REPUBLIKA.CO.ID, JAKARTA -- Anggota Bidang Pendidikan Persatuan Wartawan Indonesia (PWI), Artini Suparno, mengatakan media massa sering menampilkan tayangan yang seharusnya tidak boleh ditonton remaja. Berdasarkan penelitian Komisi Penyiaran Indonesia (KPI) pada 2013, terdapat 1.001 tayangan kekerasan yang tersebar di semua TV di Indonesia, Ahad, (25/1).
Akibat tayangan yang buruk ini, ujar dia, kemerosotan akhlak dan moral terjadi pada generasi muda. "Sekarang banyak kekerasan dan tindakan asusila dilakukan anak-anak dan remaja," ujarnya.
Guna menangani dampak buruk dari media massa dibutuhkan kompetensi literasi media agar terhindar dari pengaruh buruk media massa. "Artinya remaja harus melek media agar mereka bisa mengerti apa yang ditayangkan terkadang buruk dan tidak pantas ditiru," kata Artini.
Salah satu cara yang dilakukan agar remaja mempunyai literasi media, kata dia, dengan mengikuti berbagai pelatihan atau seminar mengenai dunia media.
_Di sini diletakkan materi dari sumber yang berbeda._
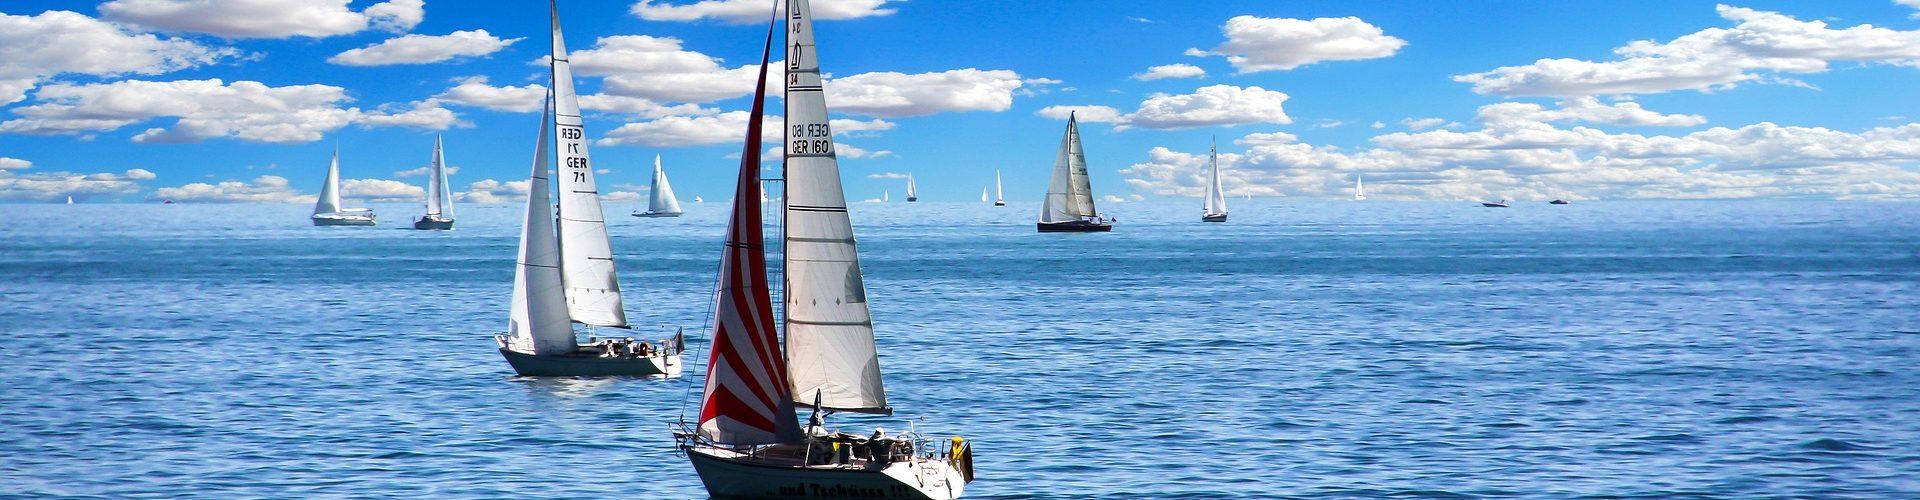 segeln lernen in Ahlbeck segelschein machen in Ahlbeck 1920x500 - Segeln lernen in Ahlbeck

Terdapat delapan organisasi yang melakukan gerakan literasi media atau melek media antara lain Masyarakat Peduli Media (MPM), Remotivi, Yayasan Sahabat Cahaya, Jurnal Celebes.
"Berbagai institusi dan perguruan tinggi juga ikut terlibat gerakan melek media agar masyarakat kritis mengenali dampak media. Ini bentuk. kepedulian masyarakat terhadap media,"ujar Artini.
Sementara itu, Manajer Corporaste Social Responsibility (CSR) Bank Rakyat Indonesia, Eko Prasetyo, mengatakan, pihaknya siap mendukung berbagai kegiatan yang membuat masyarakat, remaja agar melek media.
"Remaja harus paham cara bekerja media massa. Sehingga mereka mampu memilah mana yang baik dan mana yang buruk," kata Eko.
Eko sendiri mengaku peduli dengan berbagai kegiatan agar remaja maupun pelajar melek media karena mereka adalah generasi muda. "Siapa tahu ada yang mau jadi pekerja media, ini akan memberikan pengetahuan dan bekal bagi mereka," katanya.